C'è di peggio, come appunto Istanbul. Però godo.


----------



## O Animal (5 Maggio 2014)

#Dodo90# ha scritto:


> Oddio, baratterei all'istante questa "Istanbul" con quella del 2005. Il Liverpool poi aveva comunque sempre bisogno di un passo falso del City...



Diciamo che la loro Istanbul è stata diluita in 2 giornate... 10 giorni fa avevano il titolo in mano e adesso non lo vedono nemmeno in fotografia...

Mi dispiace per Gerrard ma una grande delusione se la "meritavano" anche loro... 

Sicuramente vincere e perdere tutto nell'arco di 6 minuti è un'altra storia ma perdere la Premier dopo averla dominata e strameritata dopo 24 anni di attesa mi sembra una pena giusta per averci inflitto la pagina sportiva più nera della nostra storia...


----------



## Snake (5 Maggio 2014)

dico seriamente, fate paura, Tifo'o in particolare


----------



## Aragorn (5 Maggio 2014)

Eccellente


----------



## Shevchenko (5 Maggio 2014)

Ahahahahahahahahahahahahahahahhahahahahahahahahahah
Gli è tornata indietro la mazzata di Istanbul!!!Non ci posso credere ahahahahahaha come rido!


----------



## hiei87 (5 Maggio 2014)

Peccato...purtroppo 25 anni senza vincere mettono tanta fame, ma possono far venire anche il braccino da tennista. Di certo quanto successo nell'ultima settimana ai Reds è uno dei suicidi calcistici più clamorosi degli ultimi anni...Mi spiace prima di tutto da simpatizzante del Liverpool, e secondariamente per il fatto che considero generalmente una sconfitta per il calcio le vittorie delle corazzate multimilionarie e senza storia contro realtà più povere, ma con un maggiore prestigio.
P.S. Nota a margine, che non vuole essere nè una critica, nè una morale a nessuno, perchè è giusto che ciascuno vive queste cose come si sente di farlo: sarò di parte, ma non penso dovremmo avercela così tanto col Liverpool per Istanbul. Io per primo ho ancora gli incubi e mi rifiuto sempre di parlare di quella sera e di rivedere quelle immagini, ma il Reds non è che ci abbiano derubato...Possiamo prendercela solo con noi stessi. E poi due anni dopo ci siamo vendicati....Personalmente sono altre le squadre europee con cui ho il dente avvelenato (Barca su tutte)


----------



## #Dodo90# (5 Maggio 2014)

O Animal ha scritto:


> Diciamo che la loro Istanbul è stata diluita in 2 giornate... 10 giorni fa avevano il titolo in mano e adesso non lo vedono nemmeno in fotografia...
> 
> Mi dispiace per Gerrard ma una grande delusione se la "meritavano" anche loro...
> 
> Sicuramente vincere e perdere tutto nell'arco di 6 minuti è un'altra storia ma perdere la Premier dopo averla dominata e strameritata dopo 24 anni di attesa mi sembra una pena giusta per averci inflitto la pagina sportiva più nera della nostra storia...
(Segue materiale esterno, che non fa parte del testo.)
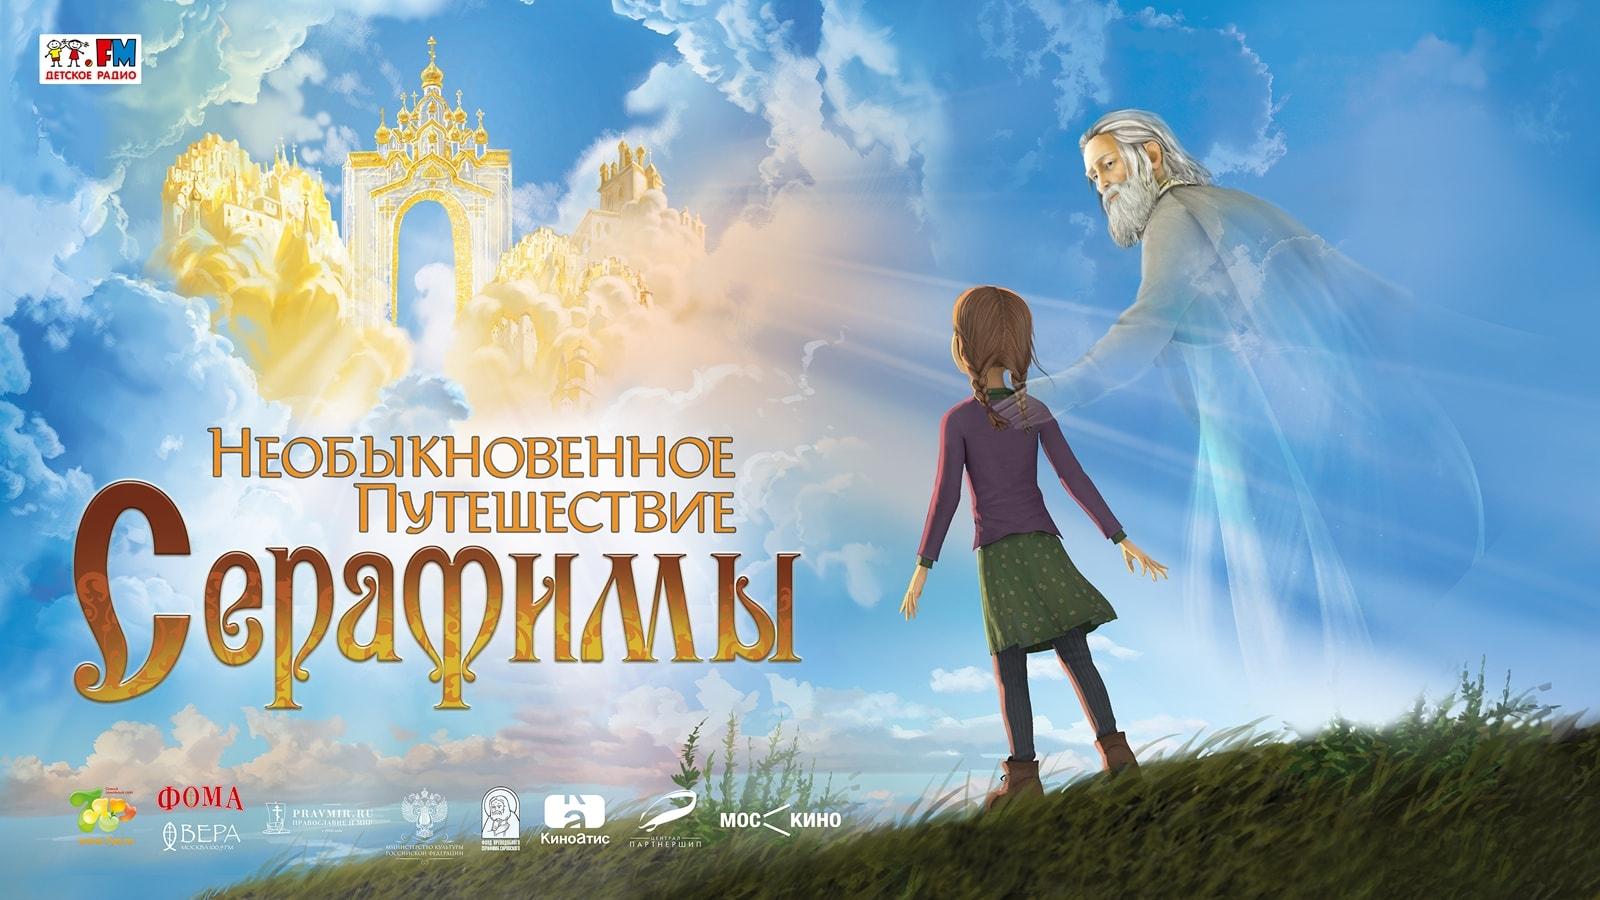 Serafim_plazma_16x9_2560_-_Copy(3)
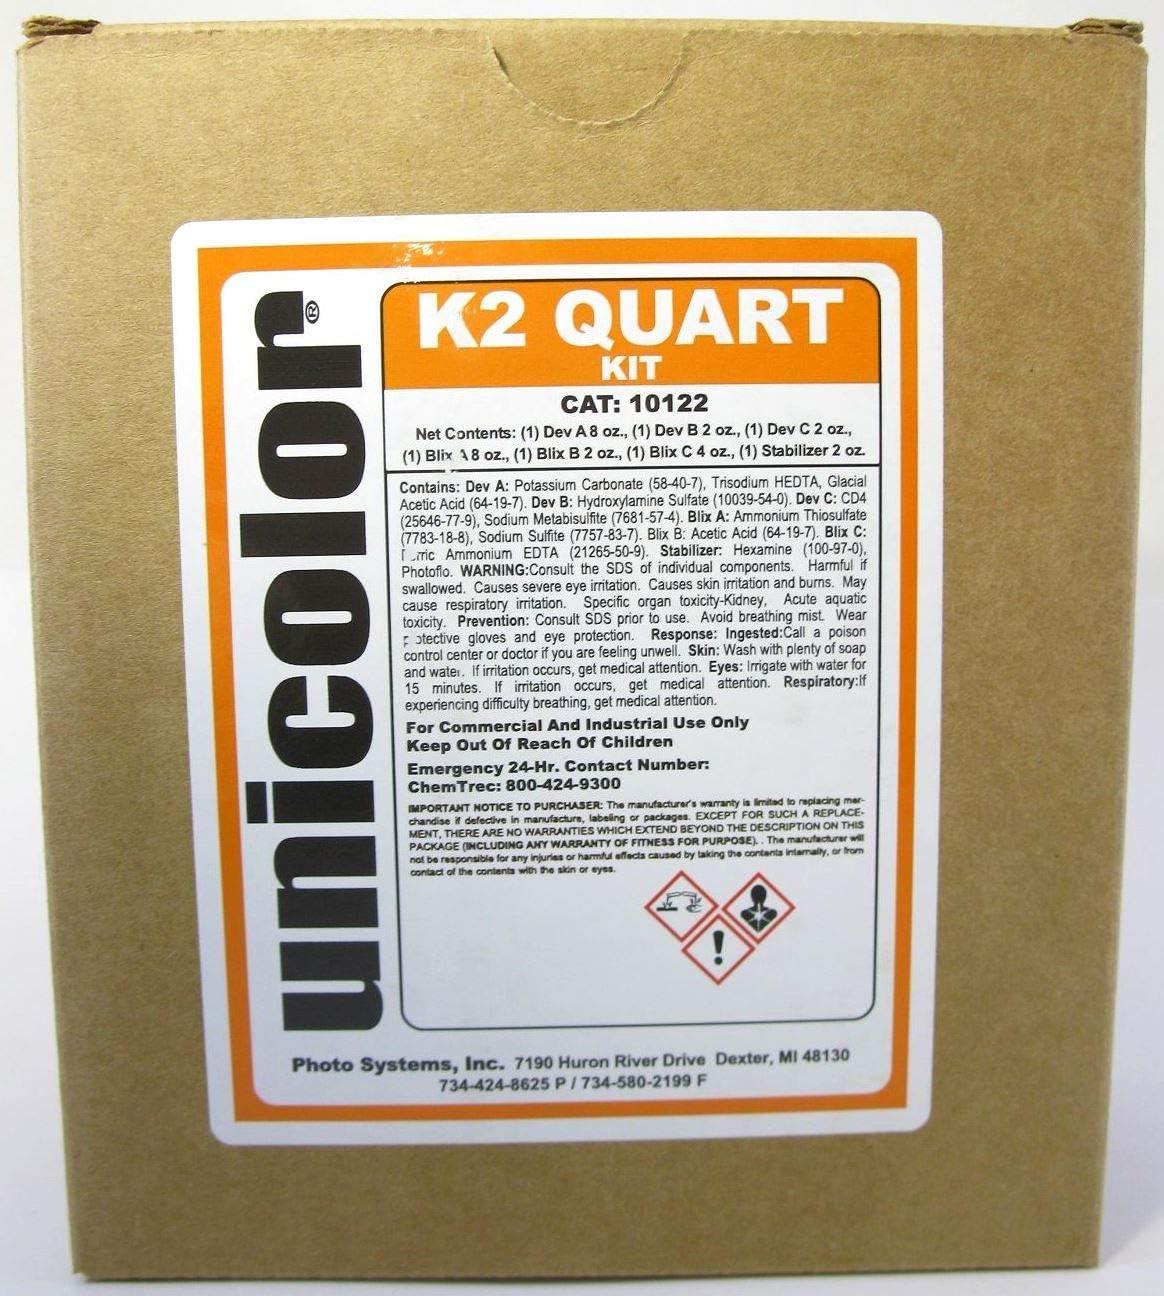 Ultrafine Unicolor C-41 Liquid Home Developer Kit 35mm (1 Quart)

Questo sicuramente, ma ancora non è deciso nulla


----------



## Shevchenko (5 Maggio 2014)

Tifo'o ha scritto:


> Liverpool in avanti.
> 
> *Sto Crystal Palace è una squadra imbarazzante*..




Come scusa?


----------



## admin (5 Maggio 2014)

*Il Liverpool, in vantaggio per 3-0 ed alla disperata ricerca di altri gol per la differenza reti, si è fatto rimontare dal Crystal Palace. 

3-3 e Premier League addio. *


----------



## #Dodo90# (5 Maggio 2014)

hiei87 ha scritto:


> Peccato...purtroppo 25 anni senza vincere mettono tanta fame, ma possono far venire anche il braccino da tennista. Di certo quanto successo nell'ultima settimana ai Reds è uno dei suicidi calcistici più clamorosi degli ultimi anni...Mi spiace prima di tutto da simpatizzante del Liverpool, e secondariamente per il fatto che considero generalmente una sconfitta per il calcio le vittorie delle corazzate multimilionarie e senza storia contro realtà più povere, ma con un maggiore prestigio.
> P.S. Nota a margine, che non vuole essere nè una critica, nè una morale a nessuno, perchè è giusto che ciascuno vive queste cose come si sente di farlo: sarò di parte, ma non penso dovremmo avercela così tanto col Liverpool per Istanbul. Io per primo ho ancora gli incubi e mi rifiuto sempre di parlare di quella sera e di rivedere quelle immagini, ma il Reds non è che ci abbiano derubato...Possiamo prendercela solo con noi stessi. E poi due anni dopo ci siamo vendicati....Personalmente sono altre le squadre europee con cui ho il dente avvelenato (Barca su tutte)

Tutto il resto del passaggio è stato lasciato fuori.